For many, Ag Ghali's metamorphosis into a fervent defender of the faith came as a surprise. For years, locals say, he was well known for his love of women and alcohol. Chana Takiou, the chief editor of the Malian newspaper 22 Septembre, says that during Ag Ghali's earlier years he was well known for frequenting bars and drinking the night away. "He is shy, not very talkative, and rarely laughs," Takiou told me, though noting that Ag Ghali often prayed. He also recalls that Ag Ghali guarded his privacy.
Born in Kidal, a member of the Ifoghas clan, Ag Ghali was the son of nomadic stock farmer. During the 1980s, when he was still in his early twenties, Ag Ghali traveled to Libya, where he joined Qaddafi's Islamic Legion, a group of fighters recruited to defend Islamic causes (and bolster Qaddafi's religious credentials in the process). Ag Ghali was sent to fight against Christian militias in Lebanon.

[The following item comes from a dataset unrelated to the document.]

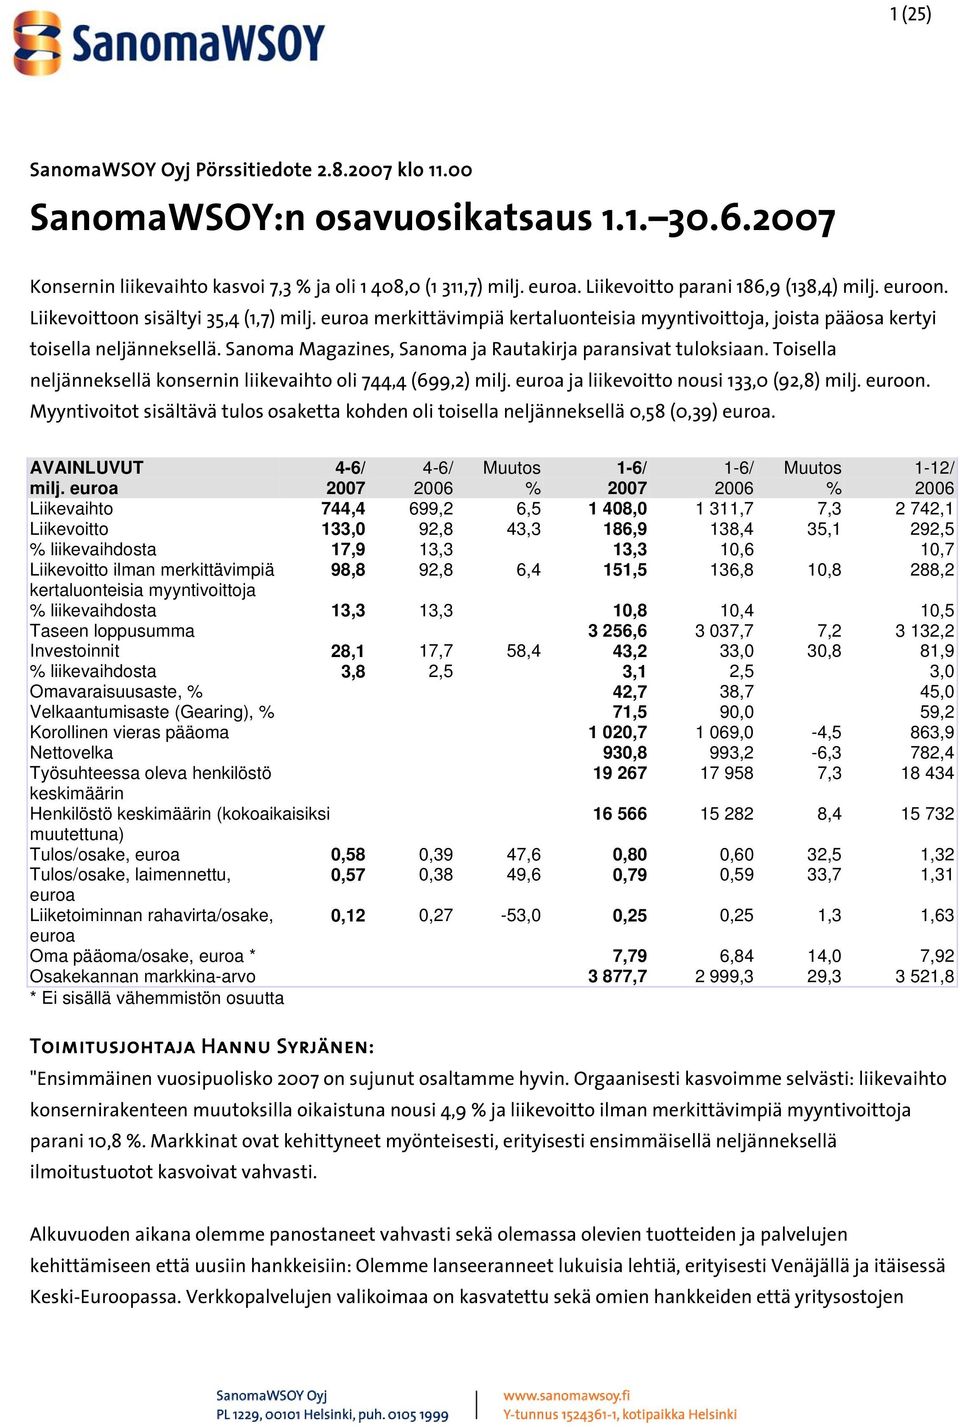 Sanoma Magazines, Sanoma ja Rautakirja paransivat tuloksiaan. Toisella neljänneksellä konsernin liikevaihto oli 744,4 (699,2) milj. euroa ja liikevoitto nousi 133,0 (92,8) milj. euroon.

After the legion was dismantled in 1987, Ag Ghali found himself back in Mali, now with a newly acquired taste for rebellion. On June 28, 1990, he launched the previously mentioned attack on the town of Menaka in the North, killing several Malian police and inspiring the first of many Tuareg revolts. Six months later, however, after intervention by the government of neighboring Algeria, he was pushed into signing a peace agreement without having attained any of his goals. Many of his supporters derided him for selling out, and accused him of stopping the rebellion just as it was getting under way.
Following the 1990 rebellion and a trip to Pakistan, Ag Ghali is reported to have become involved with the Dawa fundamentalist sect, an offshoot of the South Asia-based Islamic missionary association Jamaat al-Tabligh. He is said to have spent increasing amounts of time in mosques, and distanced himself from his previous social circles. Takiou, the Malian journalist, says that was the period when Ag Ghali became more of a hard-line Islamist. "He was spending time with a particular Pakistani preacher called Peshawar, who brought the Dawa movement to Kidal," says Takiou.
Mohammed Sylla, a member of the Dawa movement, who claims to have known Ag Ghali, tells me that he did not appear particularly militant, and was very friendly to all the members. "When some of our members realized he was going to take a rebel initiative, we tried to discourage him," says Sylla. "Our aim is not to attack any one or any country. We are friendly. Ansar Dine has nothing to do with the Dawa movement and we do not understand his objective or his vision." Sylla says that the members of the group "have no idea" why their former adherent embarked on his present path.
It was in 2003 that Ag Ghali began to make public statements of his following adherence to the fundamentalist cause (though he took care to reject terrorism and suicide bombings). He was chosen to be the government's intermediary to negotiate the release of hostages held by the Islamic Salafist Group for Preaching and Combat (GSPC), the primarily Algerian militant organization that has since changed its name to Al Qaeda in the Maghreb (AQIM). His most significant success came in August 2003, when he negotiated the release of European tourists kidnapped in Algeria and held by Abou Zeid, a GSPC commander.